I know I’m playing Russian roulette here. A “no” is a bullet through my skull. A “yes” blocks execution. When the nurse answers I use my best white-girl voice to explain that we’re going out of town and my regular doctor is away for two weeks.

“Is Dr. Nelson brains calling in a refill for me just this one time?”

I think maybe he captured me, but after a few seconds of silence, he asked me to hold him. I move in a circle on the carpet, praying, praying, praying that I get hanged.

“Yes?” My heart stops beating.

“He wants you to come for an appointment.”

“It’s been over a year since you’ve been here. Can you come on Wednesday morning?”

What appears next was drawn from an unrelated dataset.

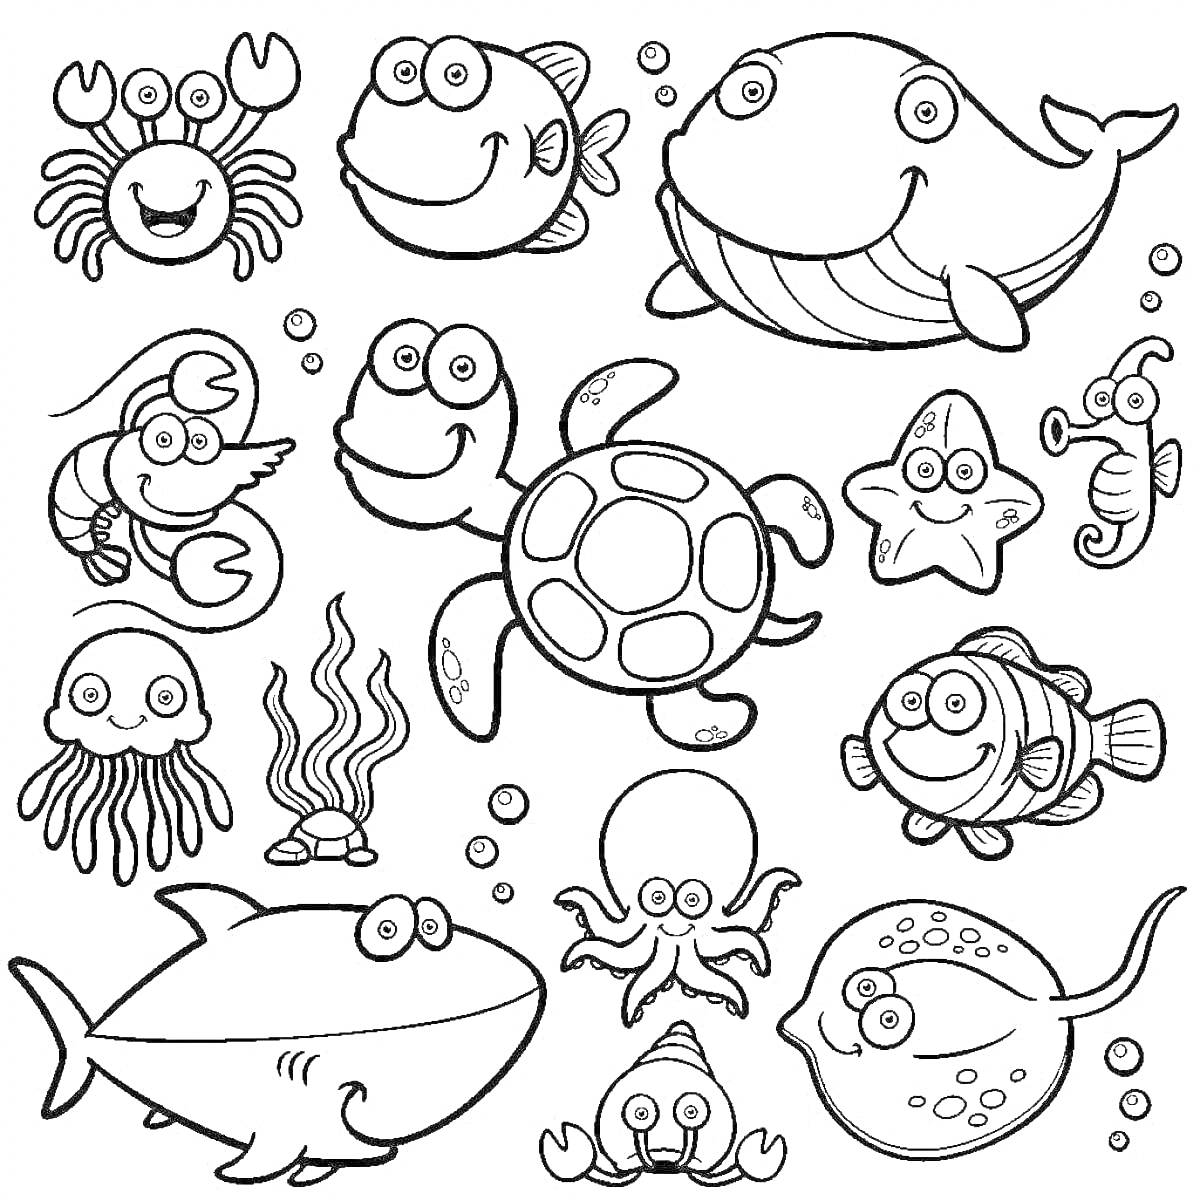 Раскраска Морские животные - краб, рыба, кит, омар, черепаха, морская звезда, морской конек, медуза, водоросли, осьминог, акула, скат, рыба-клоун, улитка

I sit on the bed and deflate like a day old helium balloon.

I know what to do now.

My husband, who I’m in the process of divorcing, is sleeping here this week, so I wait until I’m sure everything is up before I walk into my office and bring up the website. Somebody is on the bed. last two weeks. Zolpidem, brand name Ambien. I have a bottle of 300 pills in my cart.

If I can control myself, three hundred pills can last me 25 days. I’ve been here before, but I’m always too chic and can’t hit the bye. If I get caught ordering drugs off the Internet, it will no longer be possible to claim that I am taking these pills as prescribed, not blaming my nervousness on lack of sleep, or trying to overcome my manic behavior. For being just overly caffeinated. I would have lost all semblance of credibility, and he would have won everything.

I hit continue, extending my ears like power antennas, listening for commotion in the darkened house. I’m waiting for that creaking of the floorboards, that shadow of the door, that hand on my shoulder. I have to keep wiping my sweaty fingers from under my pajamas between entering and re-entering debit card numbers from my secret lawyer-ordered bank account. On the next page, I pull a folded Post-It note from my coat pocket as I enter the address of my secret PO box.

If he were to come now, he’d have everything: Internet drugs, secret account, secret PO box.

My eyes scroll up and down, searching through all the words on the next screen for the delivery date.

When will they reach here???

I freeze when I hear clicking somewhere behind me. Was that a move? was he down Panic begins to overwhelm my ability to concentrate, so I click Confirm, click Exit Site, and click Clear My History.

Running on tiptoe down the hallway, I pass through the closed guest-room door where I hear her snoring softly (thank goodness) and enter the shelter of my bedroom. There the boys beat me as usual. Their bodies lie crosswise over the covers, the head of one sleeping on the ankles of the other. I slowly move a damp body over so I can slide next to it and pull the covers up to my chin.

,Stash: My Life in Hidingby Laura Cathcart Robbins is available for purchase at bookstores everywhere.